_LISTED RECORDS:_
┌──

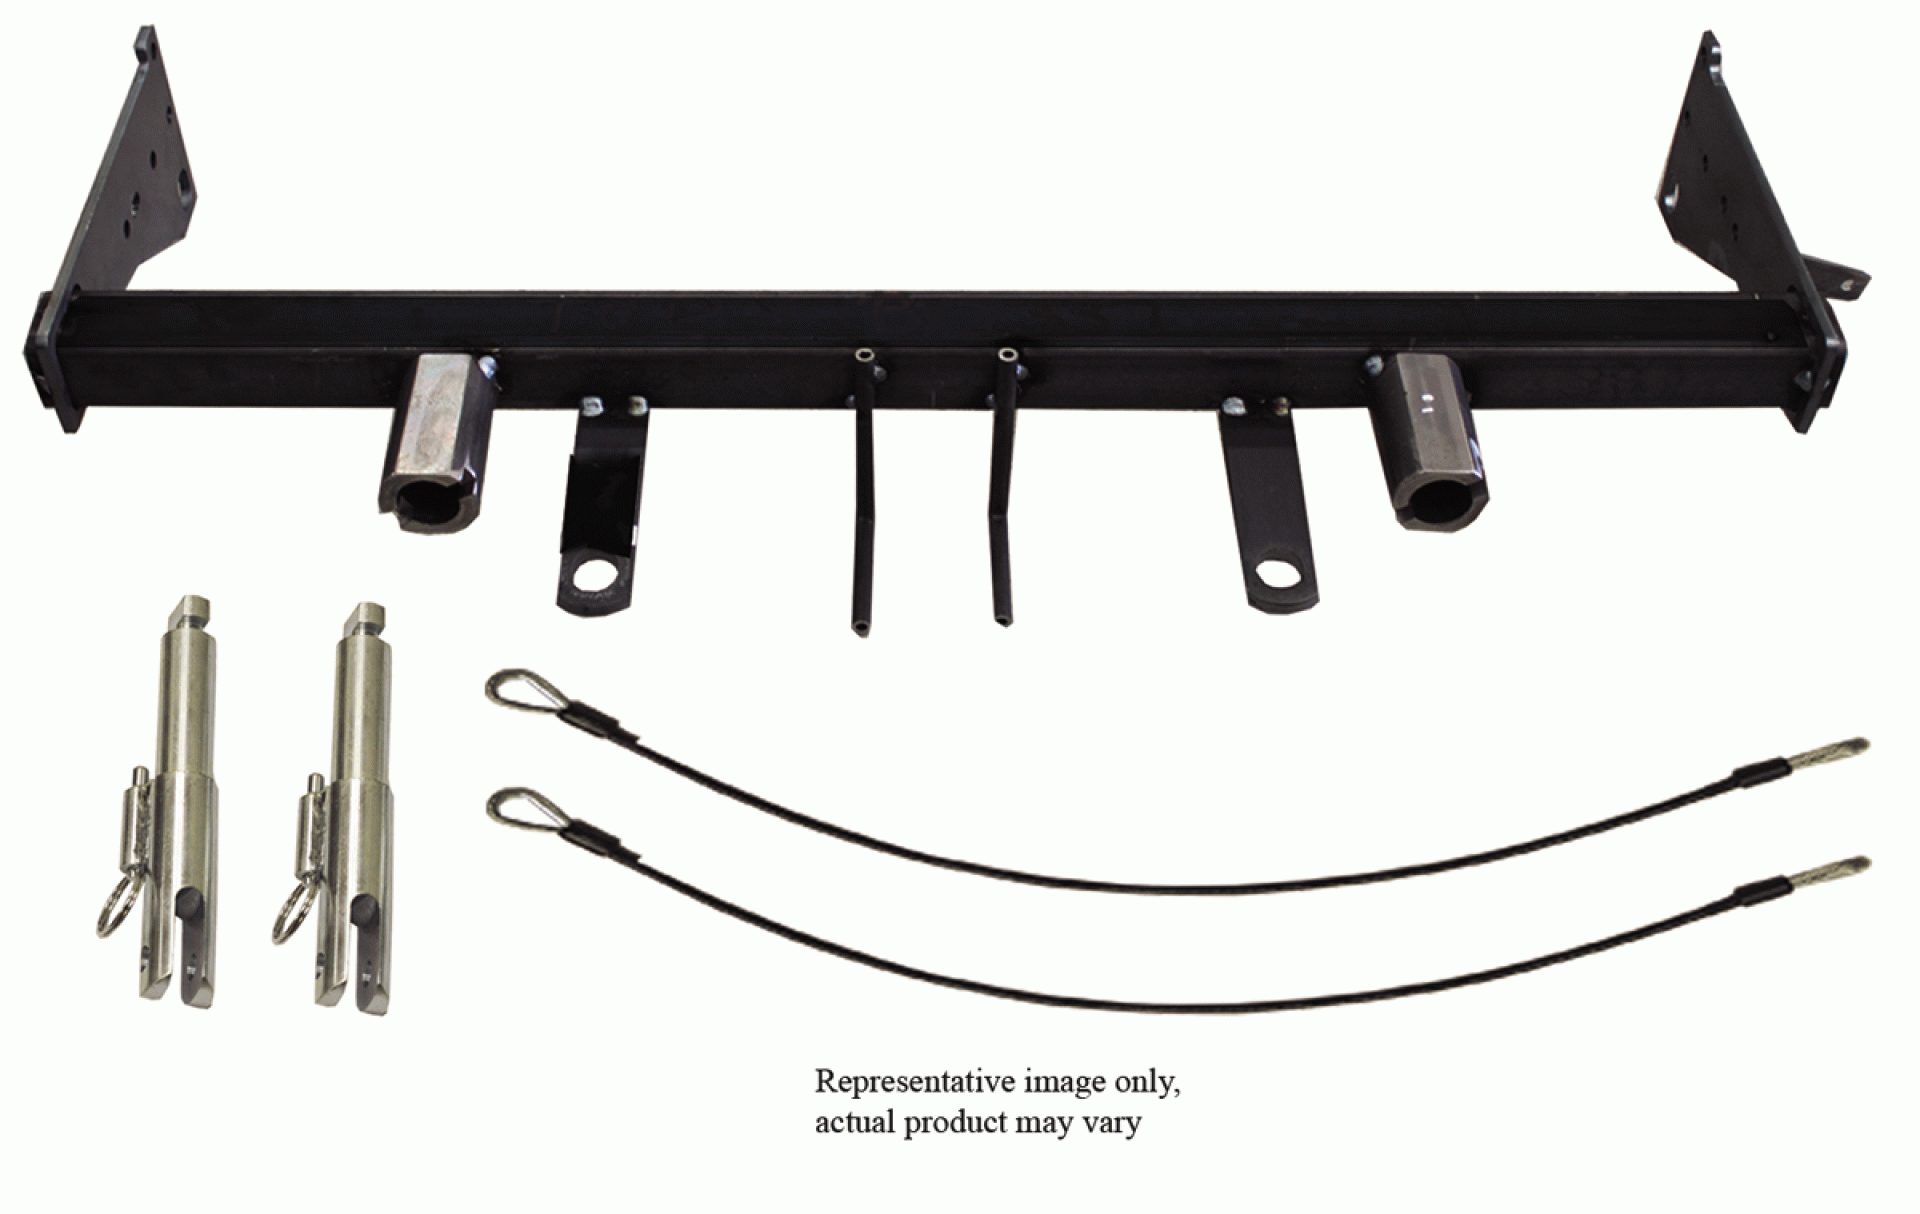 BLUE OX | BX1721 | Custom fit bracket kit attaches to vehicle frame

└──
┌──

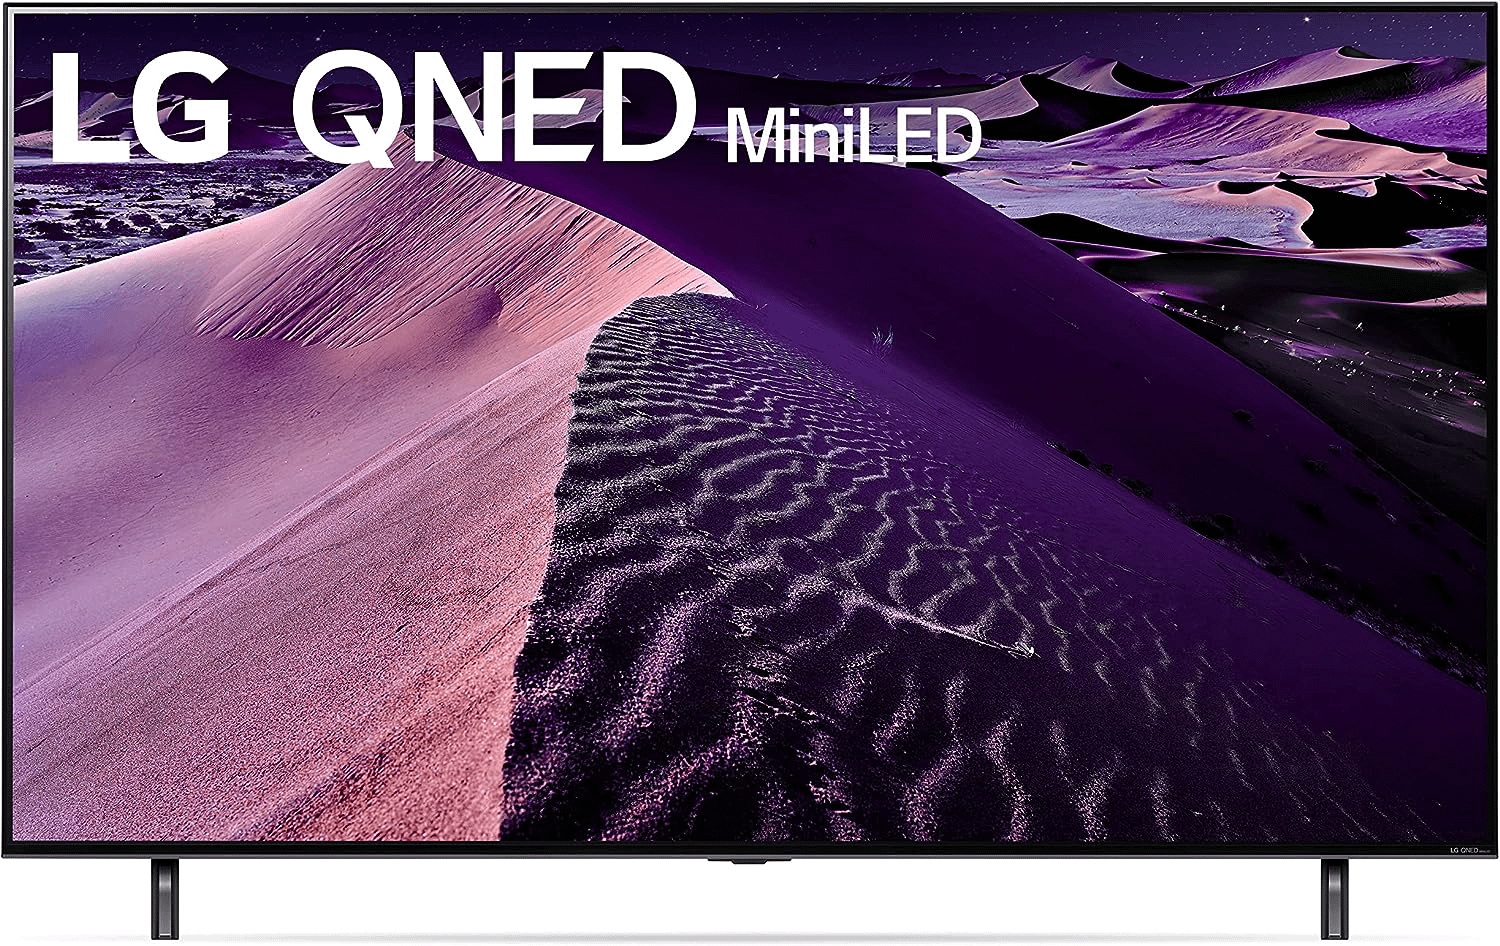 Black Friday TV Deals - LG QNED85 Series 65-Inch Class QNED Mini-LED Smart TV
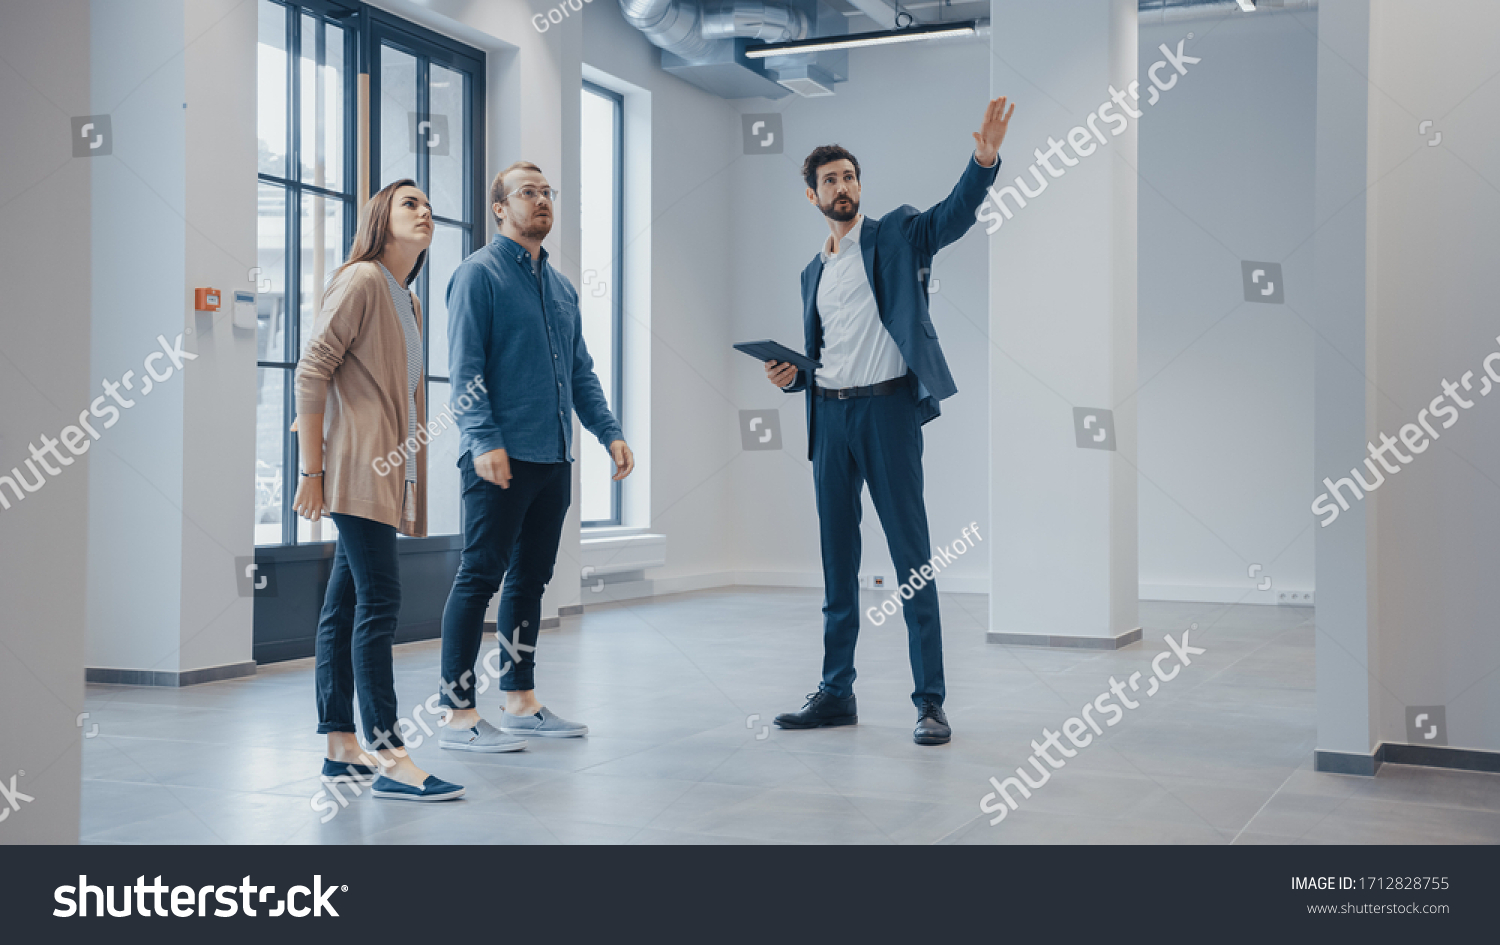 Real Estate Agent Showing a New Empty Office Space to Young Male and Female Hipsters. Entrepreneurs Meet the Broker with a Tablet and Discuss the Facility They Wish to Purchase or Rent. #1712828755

└──

Set down word for word the lines above from the one with "Black Friday TV" up to and including the one with "Real Estate Agent". Omit every picture.

_ANSWER SPACE:_
 Black Friday TV Deals - LG QNED85 Series 65-Inch Class QNED Mini-LED Smart TV
 Real Estate Agent Showing a New Empty Office Space to Young Male and Female Hipsters. Entrepreneurs Meet the Broker with a Tablet and Discuss the Facility They Wish to Purchase or Rent. #1712828755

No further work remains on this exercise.